:: Stored data

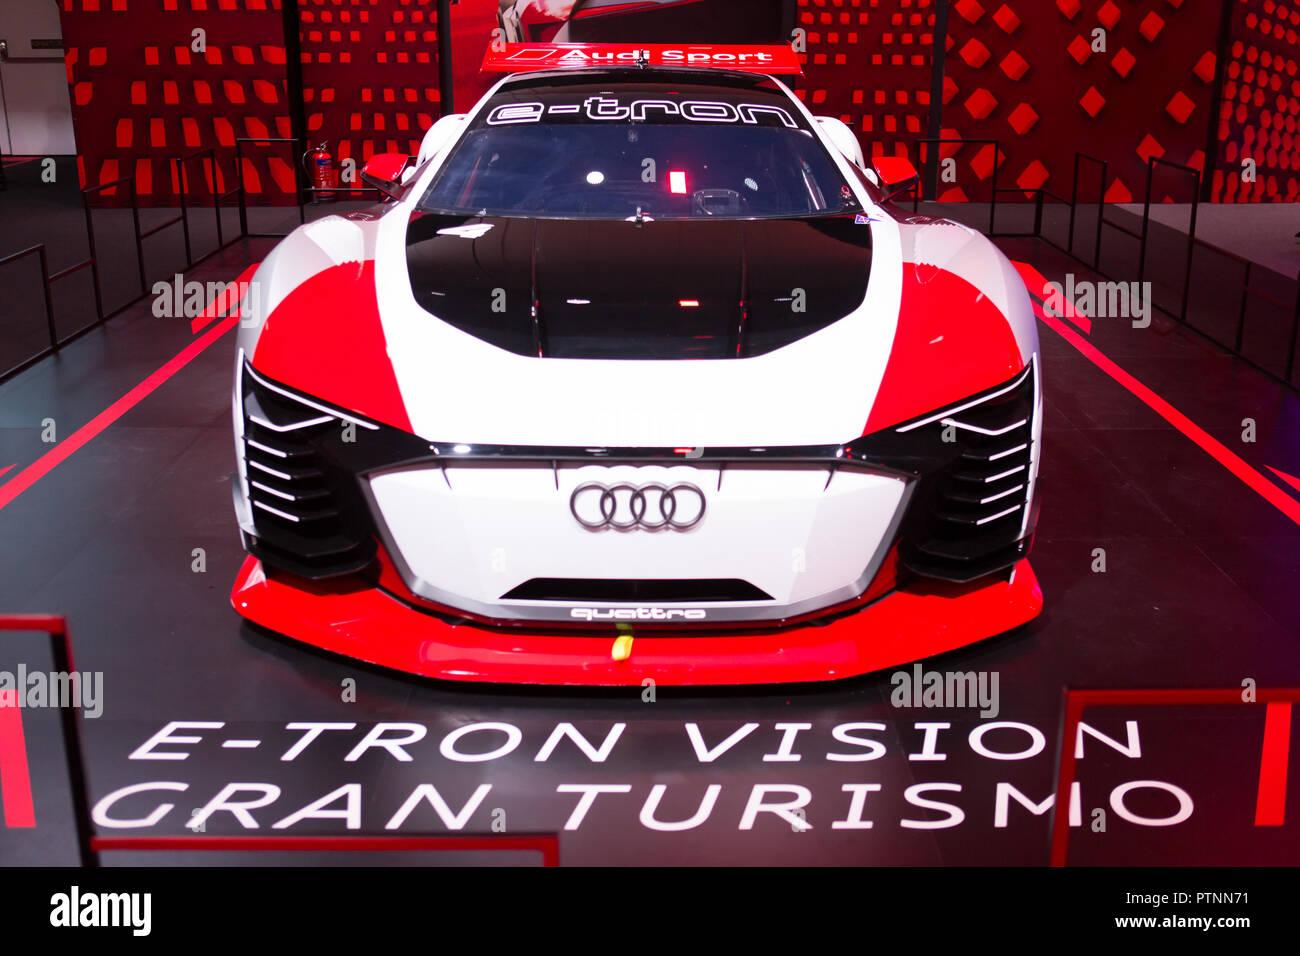 Audi nuovissima esperienza 2018 succedendo a Singapore il 10 ott 2018, Display di E-Tron Vision vettura Gran Turismo. Immagini Stock
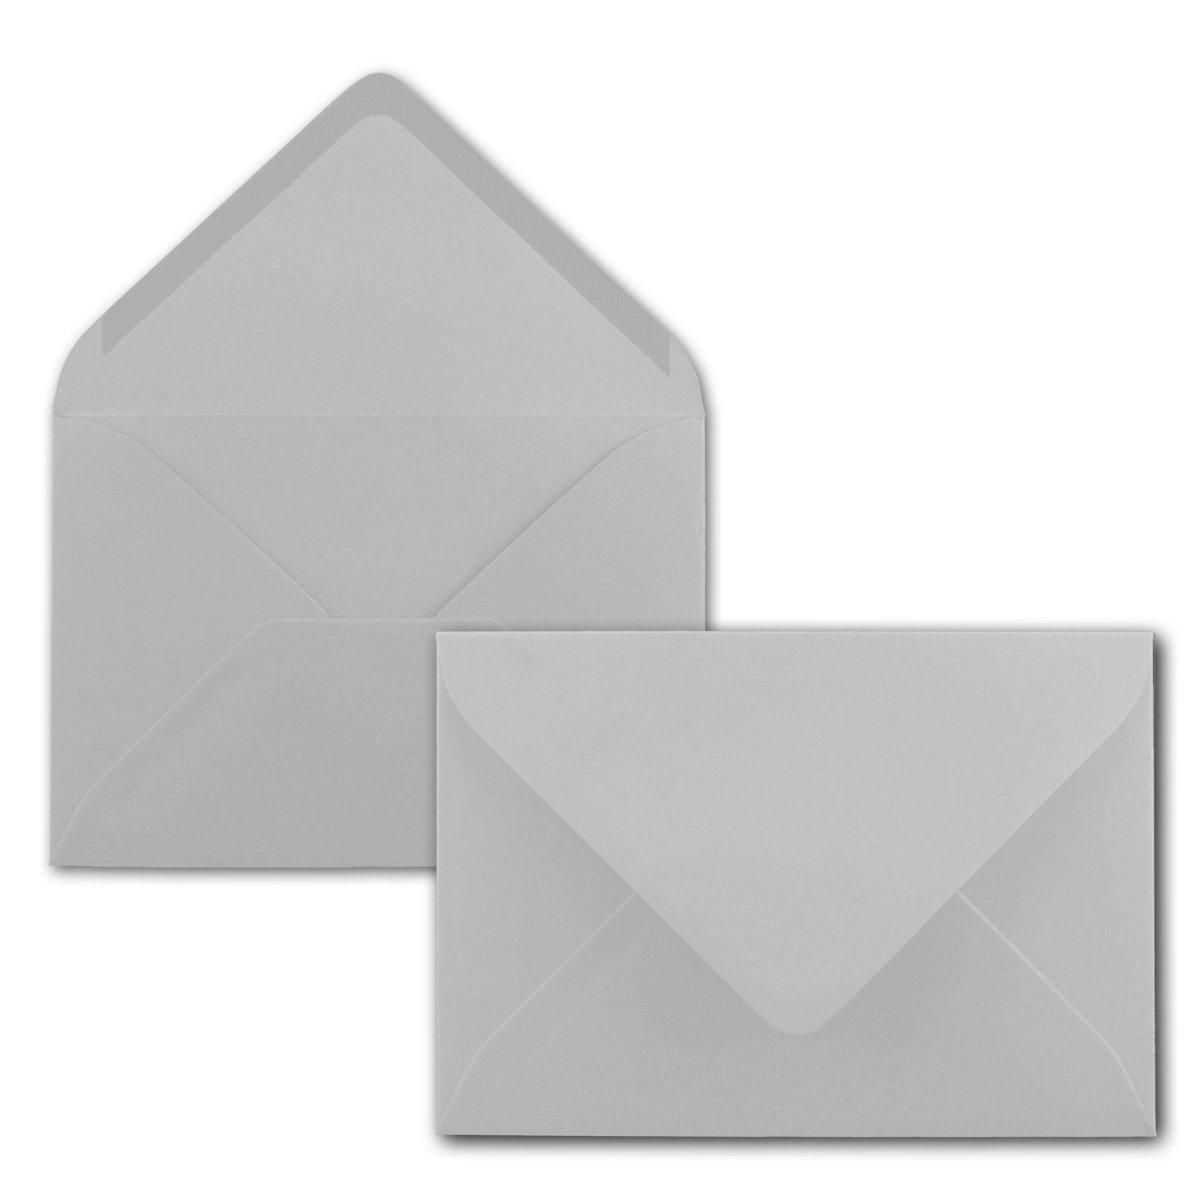 Brief-Umschläge in Nachtblau   150 Stück   DIN C5 KuGrüns 220 x 154 mm - Nassklebung ohne Fenster - Weihnachten, Grußkarten   Serie FarbenFroh® B07BQR68D7 | Öffnen Sie das Interesse und die Innovation Ihres Kindes, aber auch die Unschu
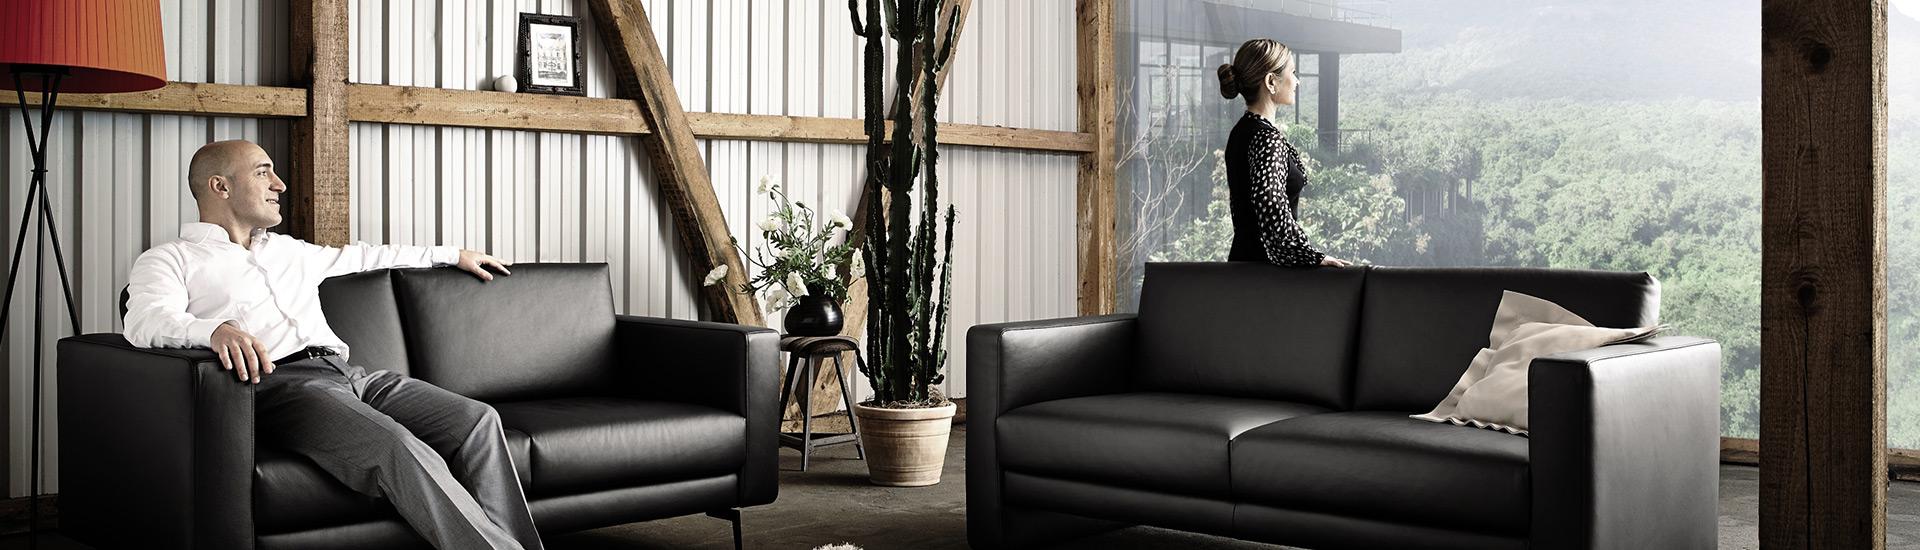 koinor m bel schulze. Black Bedroom Furniture Sets. Home Design Ideas
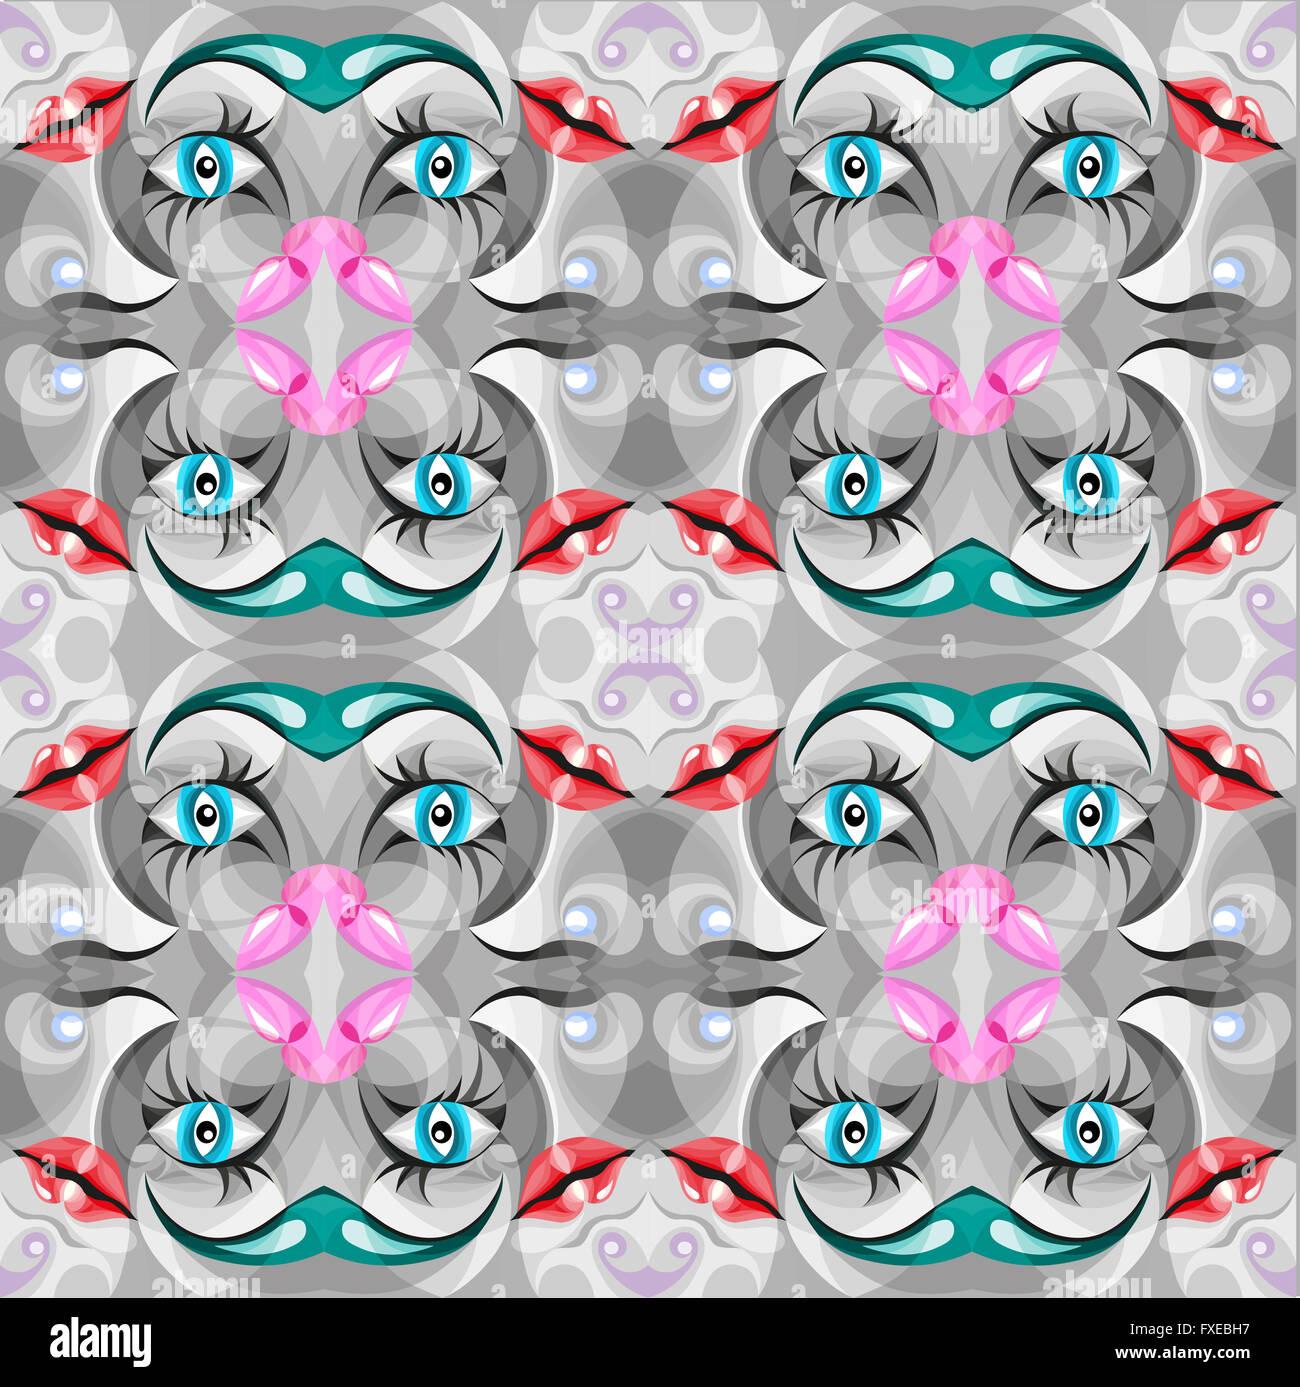 Bunt, schön, Abstrakt Textur Musterdesign Hintergrund Stockbild

::::

Assigned task »
Exactly the lines from the one that contains "Brief-Umschläge in Nachtblau" to the last line of the data, both included, should be set down, and no pictures should appear among them.

Problem solution »
 Brief-Umschläge in Nachtblau   150 Stück   DIN C5 KuGrüns 220 x 154 mm - Nassklebung ohne Fenster - Weihnachten, Grußkarten   Serie FarbenFroh® B07BQR68D7 | Öffnen Sie das Interesse und die Innovation Ihres Kindes, aber auch die Unschu
 koinor m bel schulze. Black Bedroom Furniture Sets. Home Design Ideas
 Bunt, schön, Abstrakt Textur Musterdesign Hintergrund Stockbild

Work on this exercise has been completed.